• TRY IT: Please write out the full listing beneath this line exactly, skipping its images.

• DATA BLOCK:

^^^^^^^^^^^^^^^^

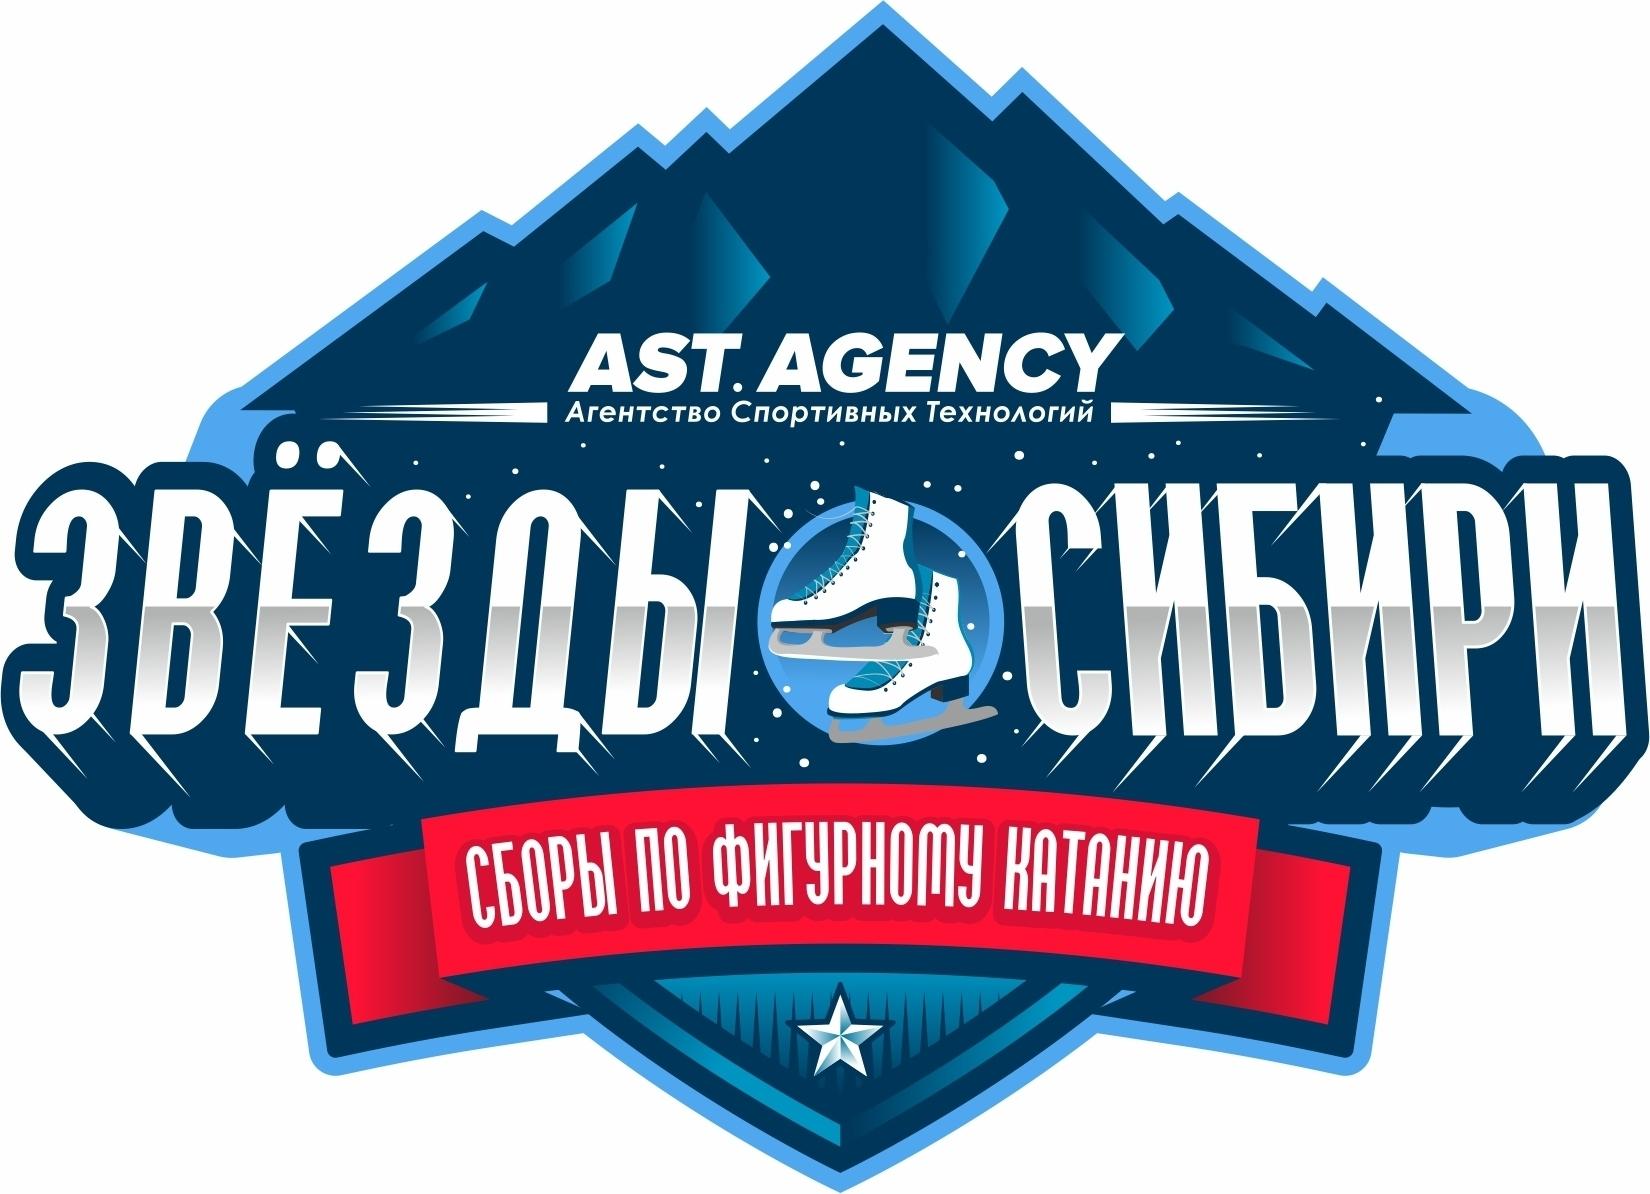 Сборы по фигурному катанию «Звёзды Сибири — 2019»
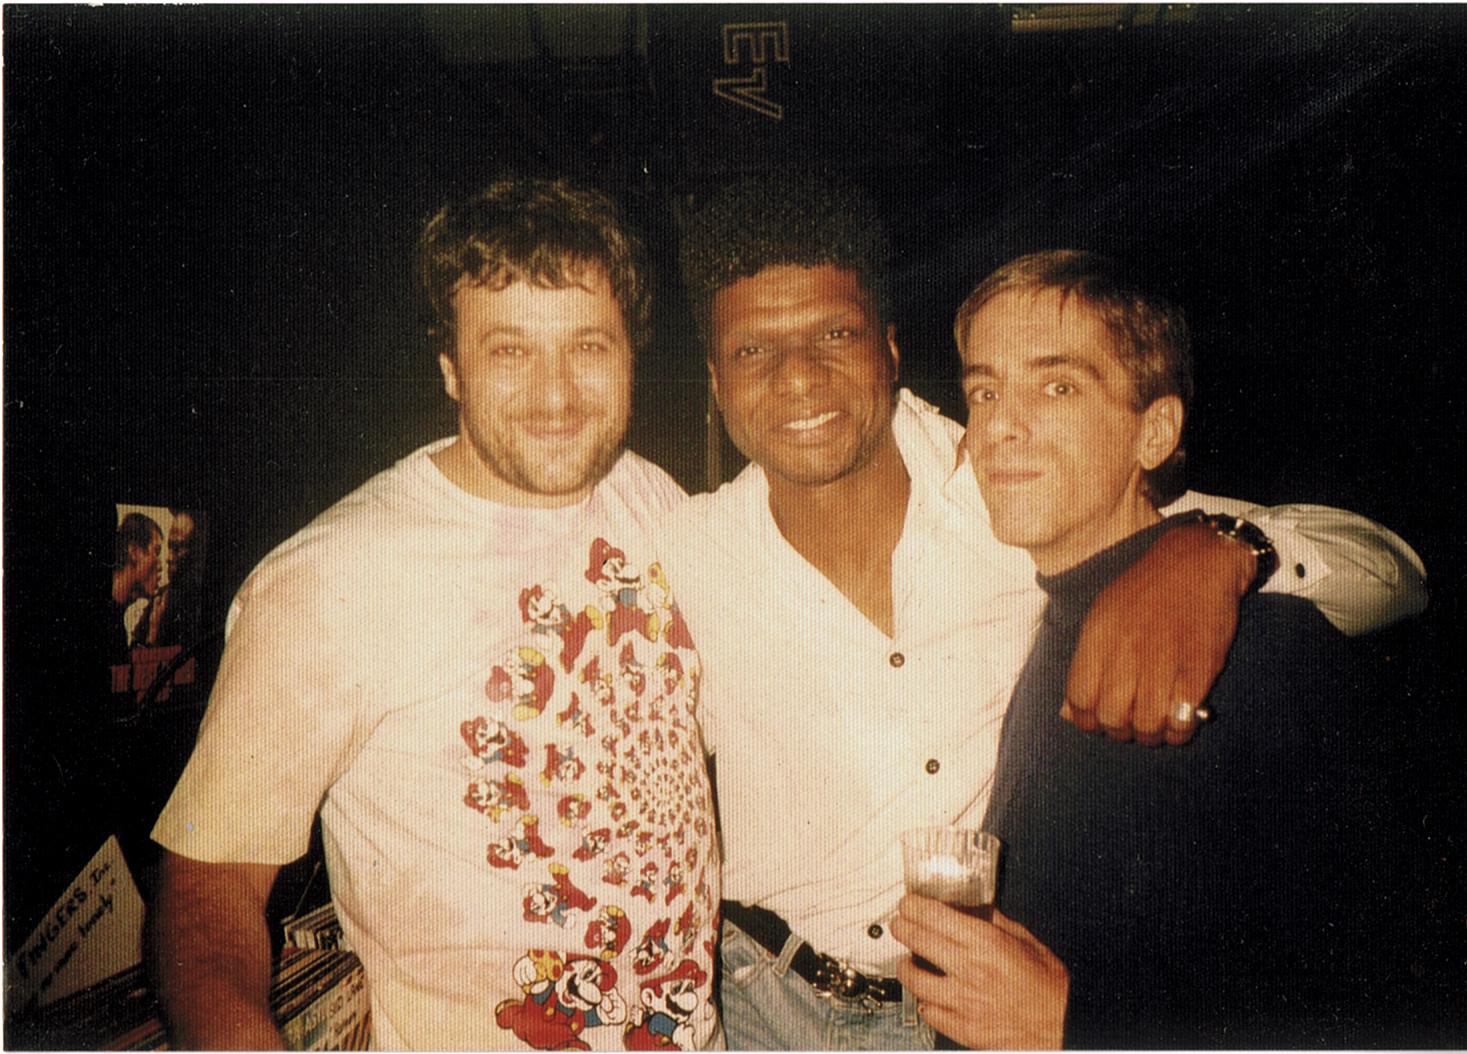 François Kevorkian, Larry Levan and Walter Gibbons, Japan, 1992. Courtesy of François Kevorkian, photographer unknown.
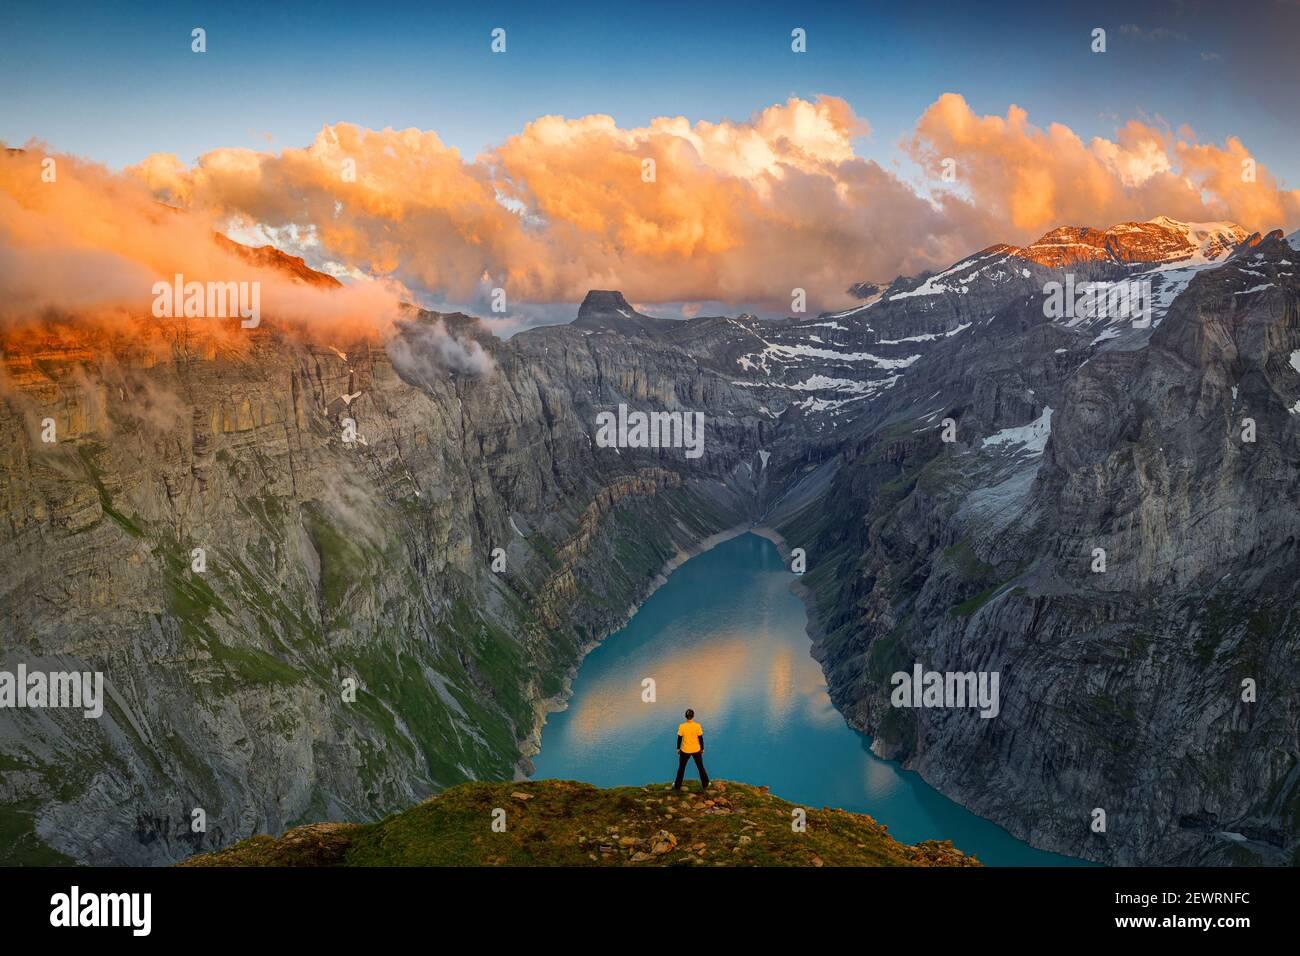 Homme debout sur des rochers regardant les nuages au coucher du soleil sur le lac Limmernsee, vue aérienne, canton de Glaris, Suisse, Europe Banque D'Images
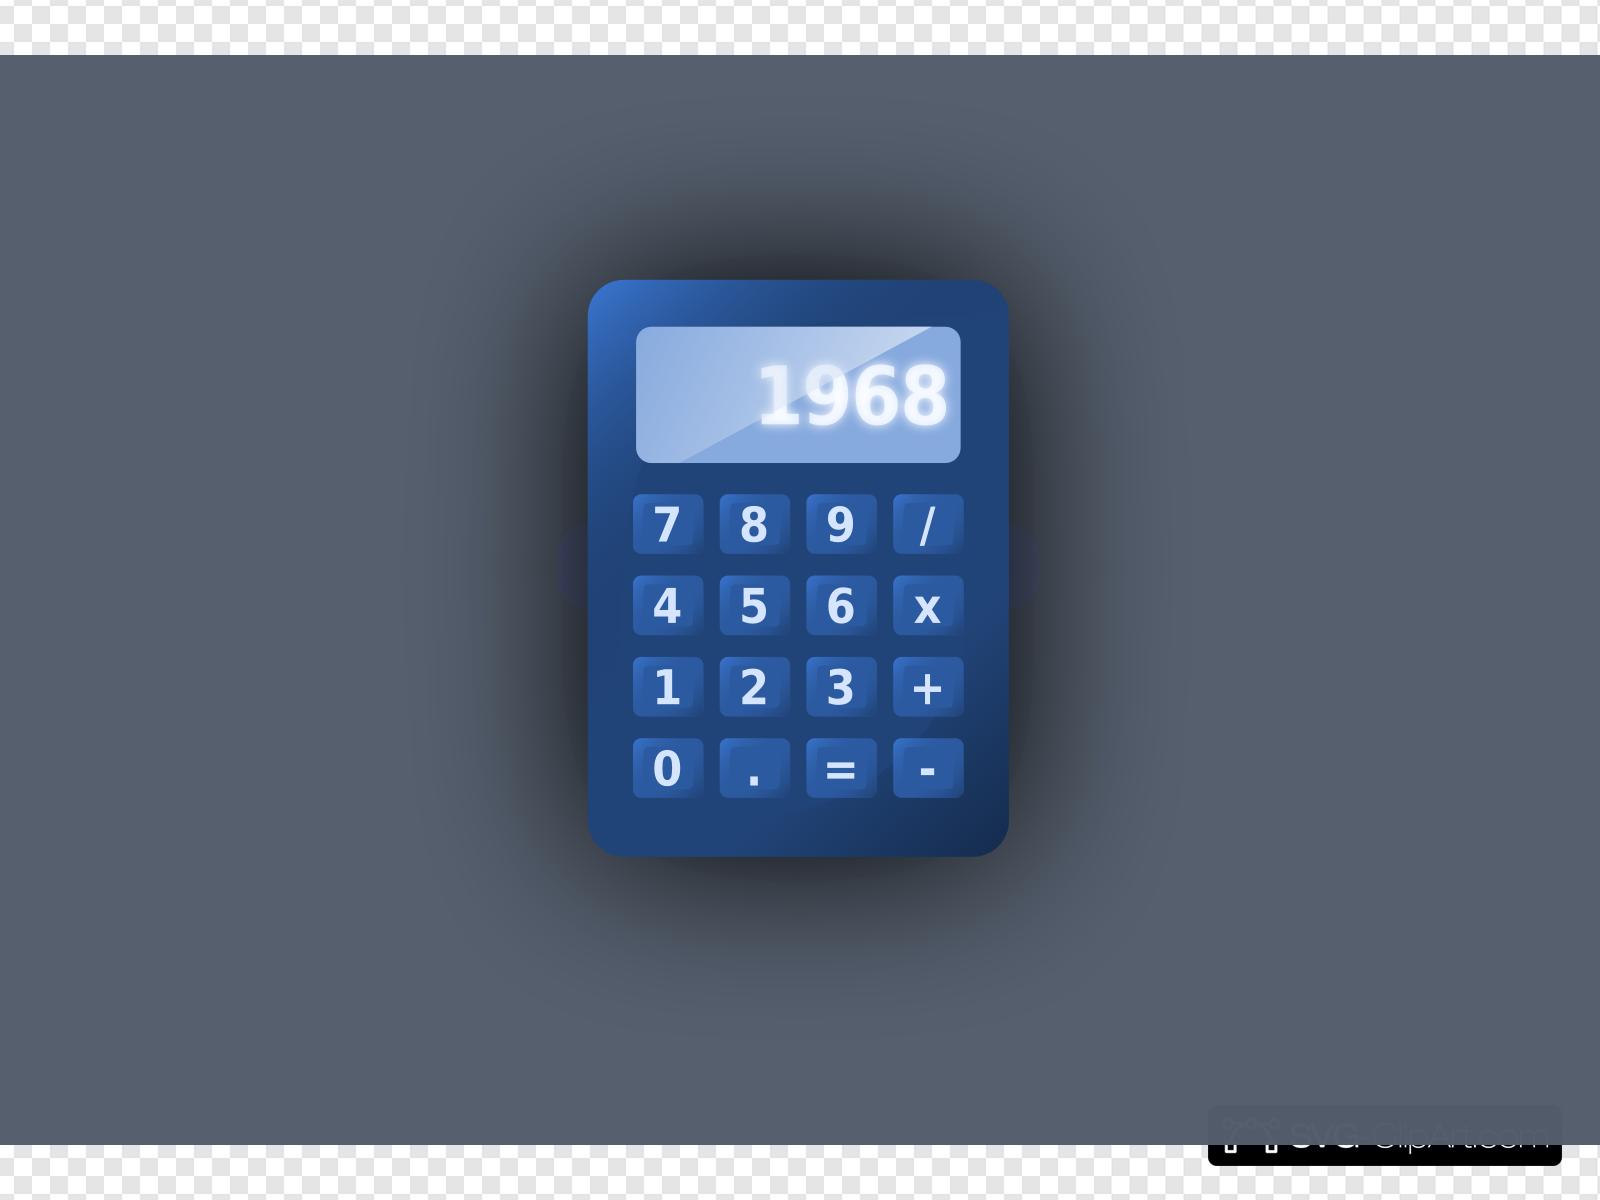 Calculator clipart calculater. Blue clip art icon

^^^^^^^^^^^^^^^^

• TASK RESPONSE:
 Сборы по фигурному катанию «Звёзды Сибири — 2019»
 François Kevorkian, Larry Levan and Walter Gibbons, Japan, 1992. Courtesy of François Kevorkian, photographer unknown.
 Homme debout sur des rochers regardant les nuages au coucher du soleil sur le lac Limmernsee, vue aérienne, canton de Glaris, Suisse, Europe Banque D'Images
 Calculator clipart calculater. Blue clip art icon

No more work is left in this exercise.